石鎚神社から少し下ったところに亀居八幡神社があります。

境内は広くこちらは社殿もあり、重要文化財に指定されている宝篋印塔があります。

説明が書かれていますがこの宝篋印塔、南北朝時代に南朝方として活躍した篠塚伊賀守(重広)の墓とする言い伝えがあったようですが調査の結果武将の墓ではなく納経供養のため鎌倉時代に建てられたものと認定されたようです。
神社から周回道路に戻り大木集落を目指します。小島が見えてきます。

大木集落は小さな集落で廃屋もあるようですが住んでいる方もいらっしゃるようです。
集落からさらにすすんで行くと集会所があります。

集会所に大木遺跡の説明が書かれています。具体的なことはわかっていないようですがこの集会所の山側に遺跡があったのではと考えられているようです。多くの遺物が発見されましたが大半は表面採集されたもので、地崩れとともに遺物が表面に流れ出た可能性が考えられているようです。
集会所を過ぎ歩いて行くとヘリポートでしょうか、Hの文字が書かれた広い場所があります。ヘリポート越しに出発点の篠塚集落が見えてきます。集落の中に入ります。

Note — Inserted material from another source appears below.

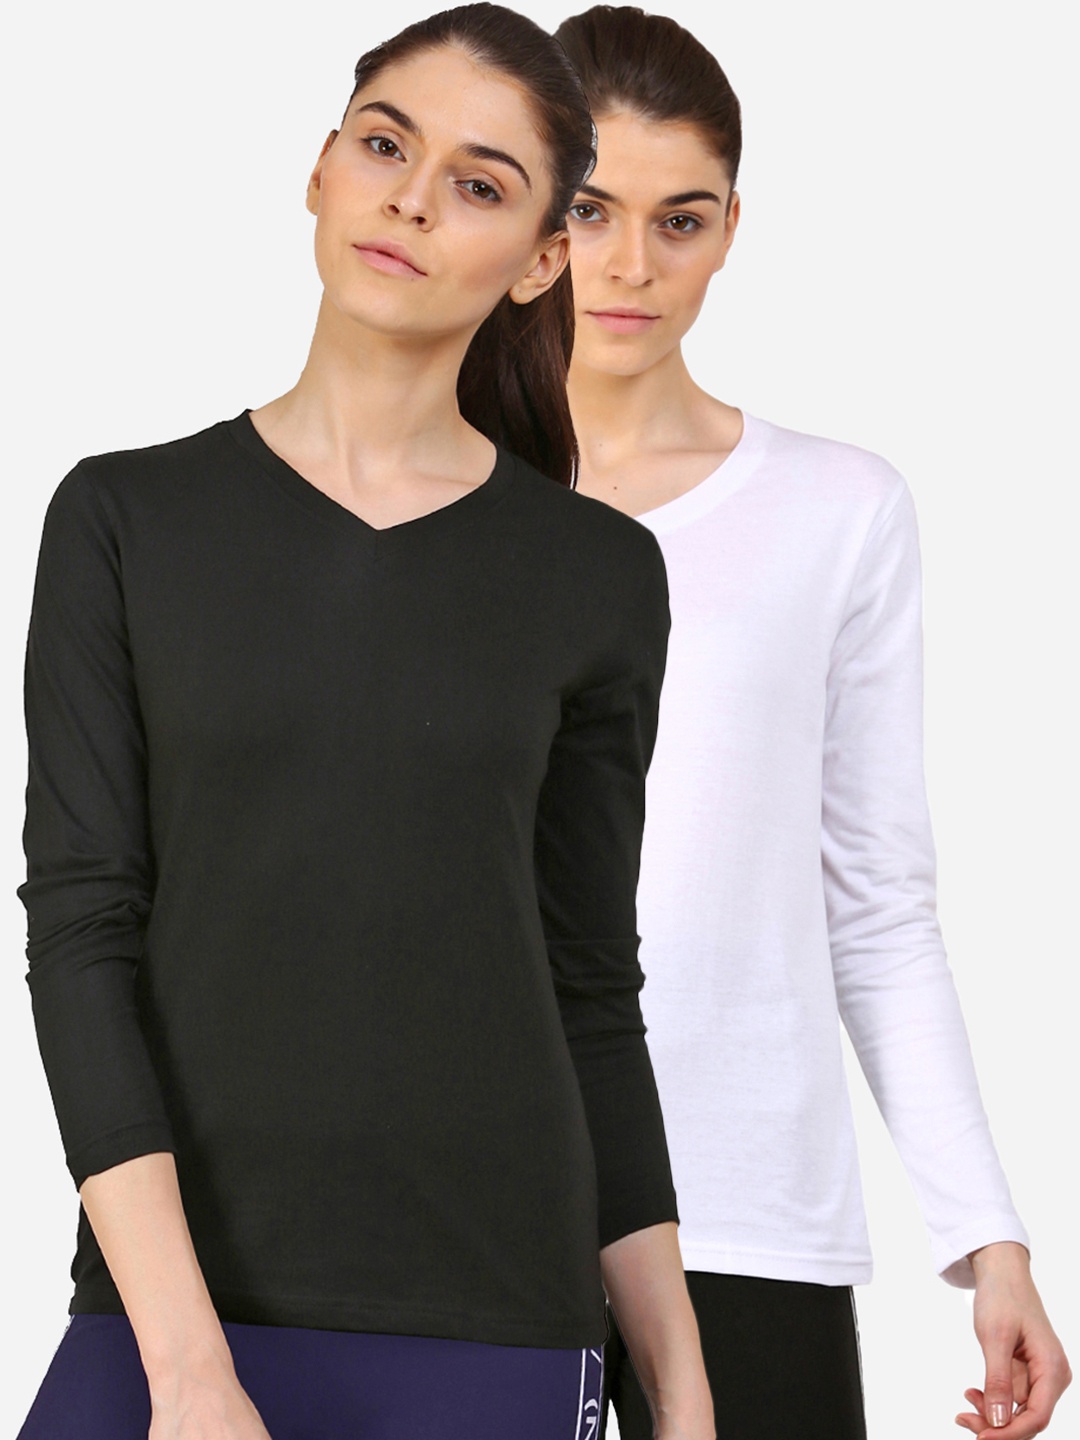 

appulse Women Black & White Pack Of 2 V-Neck Slim Fit Running T-shirt

集落では漁村風景が見られます。なんとなく懐かしい気分になるから不思議です。
山の手に寺があります。

道福寺という島唯一の寺だそうです。少し高い場所にあるので集落が見渡せます。
集落を散策した後は港に戻り行程を終了、帰路に着きます。小さな島なので3時間程度あれば歩いて一周できます。支所の隣に地域交流施設があり、船の待合室として利用できます。
観光センターが休業中なので宿泊できるところ、食事ができるところはないようです。日帰り、昼食の持参が基本になりますが、地域交流施設(待合室)に飲み物、スナック、パンを購入できる自動販売機があります。


愛媛県上島町の魚島を訪ねました。瀬戸内海のちょうど真ん中あたりに位置する島で、漁業中心の見るところも多くない島かと思います。近年「アート」を取り入れたりして観光客を増やそうとしている島もあるようですがそれもなく訪れる人はあまりいないようです。ただ逆にそれらがこの島の魅力といえ離島の雰囲気を多く感じられると思います。ゆったりとした島時間が流れる魚島を訪ねてみてはいかがでしょうか。(各種交通機関、各施設等の情報は公式HP等で最新のものをご確認ください。)